3) De uns tempos pra cá, Felipe deu pra balançar o corpo timidamente quando ouve uma música. Own... é muito fofo.
4) Ou ele cantarola alguma canção que nem sempre conseguimos descobrir qual é, mas não importa: é a coisa mais linda!
5) As gargalhadas de Felipe quando fingimos que vamos mordê-lo ou quando o pai brinca de jogá-lo na cama são contagiantes!
6) Quando está dormindo, Felipe parece um anjinho, dá vontade de ficar enchendo de beijos! (tá boooom, qualquer criança dormindo parece um anjinho...)
7) Felipe metido a independente é divertidíssimo!
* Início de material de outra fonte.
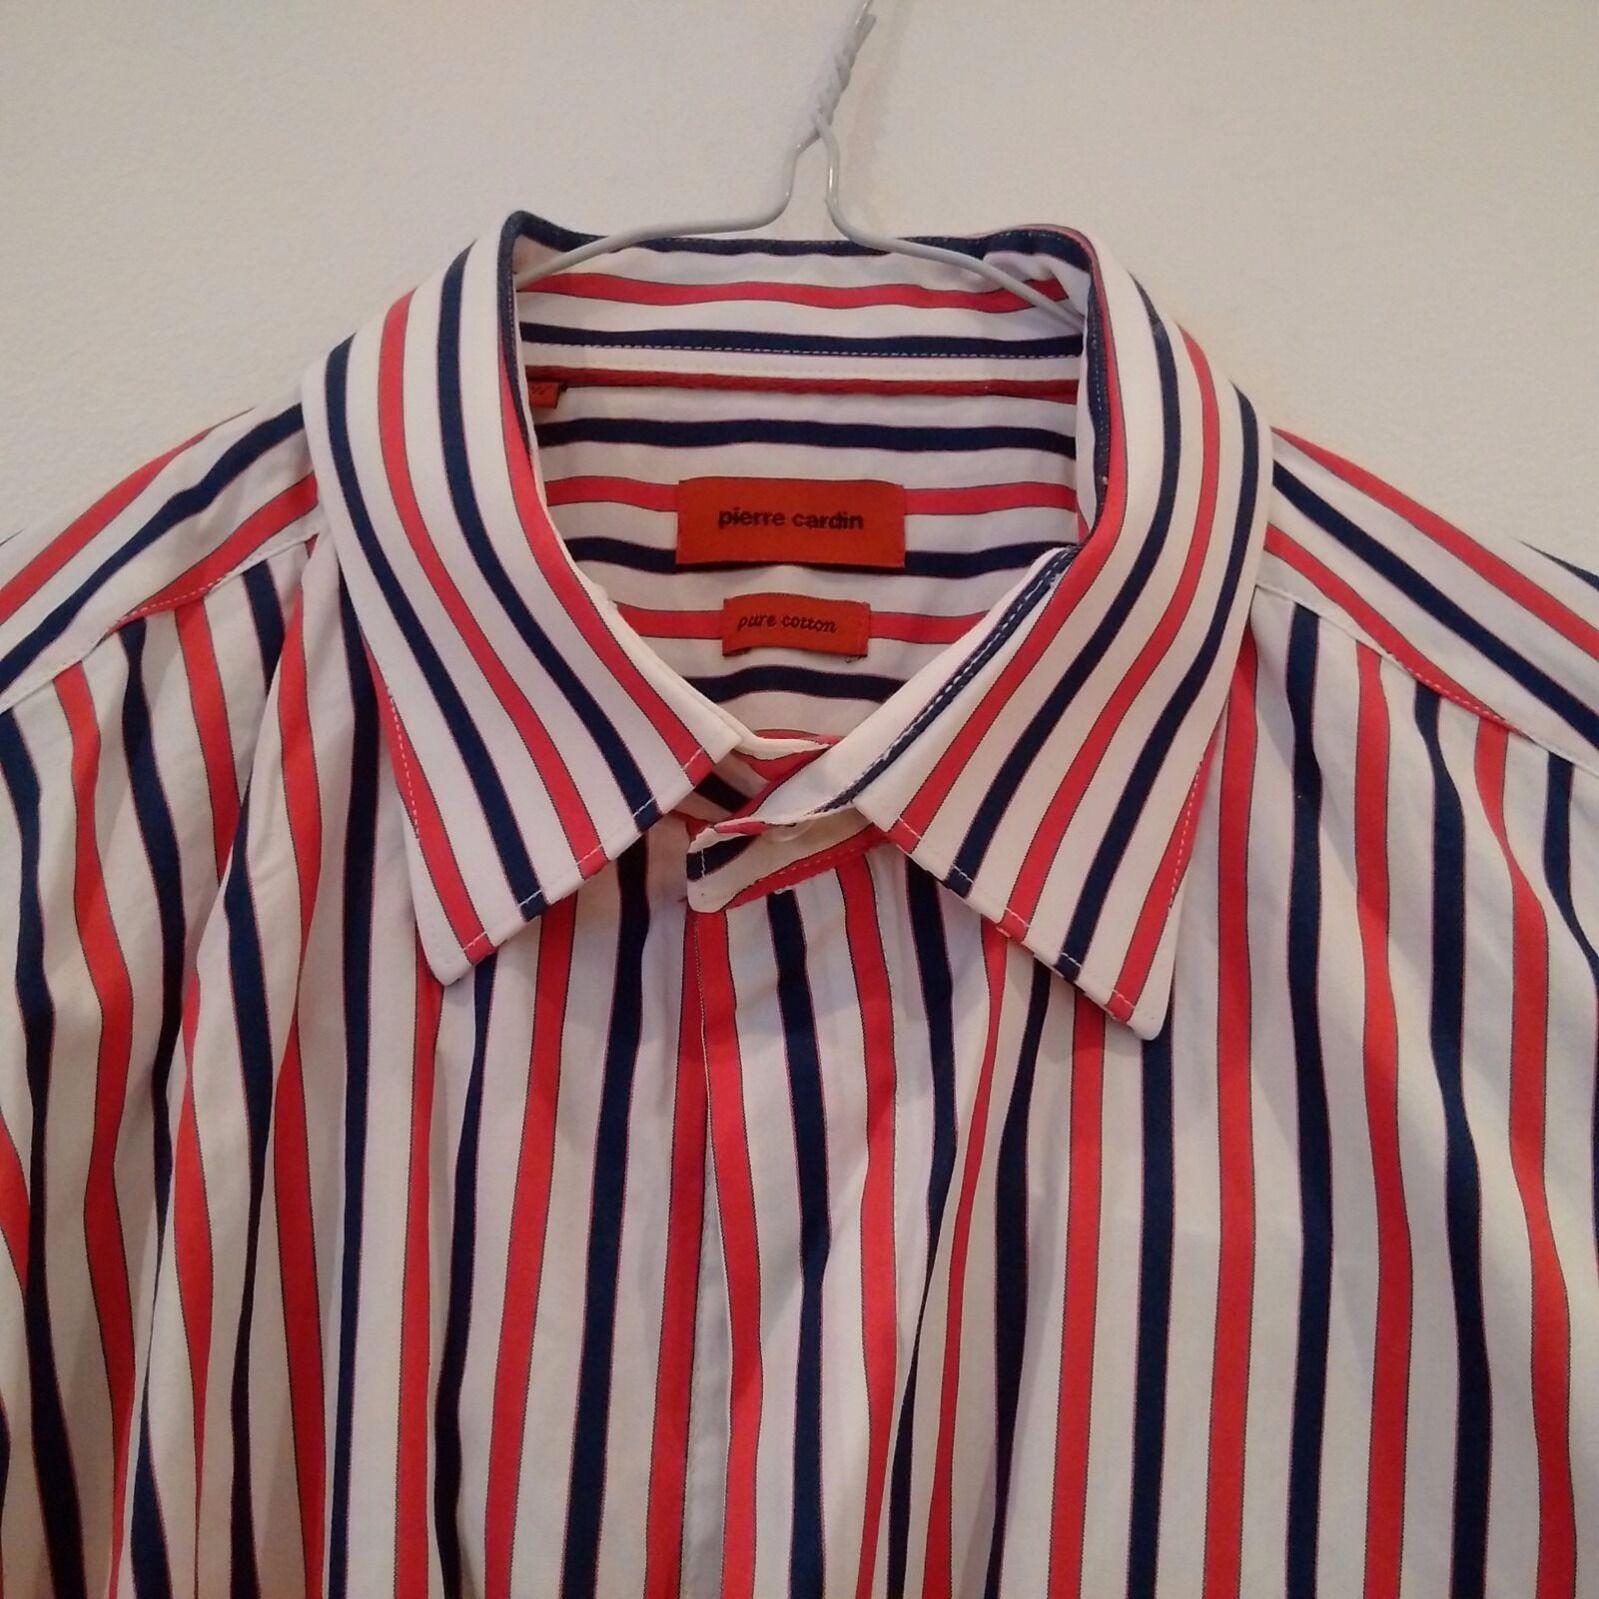 PIERRE CARDIN Mens Red Navy White Striped Short Sleeve Shirt 16.5

Vai na geladeira, pega prato no escorredor, talher na gaveta... e se serve sozinho!! A gente encontra depois os rastros...
8) Ele enche o saco do Rafa, como qualquer irmão, hehehehe... E morre de rir quando o caçula se cansa e parte com tudo pra cima dele!
9) O esforço de Felipe pra falar uma ou duas palavrinhas é digno de admiração. Não é fácil pra ele, mas ele está tentando!
10) Meu filho é lindooooooo!!!

Já viram um palhacinho banguela mais bonito do que esse?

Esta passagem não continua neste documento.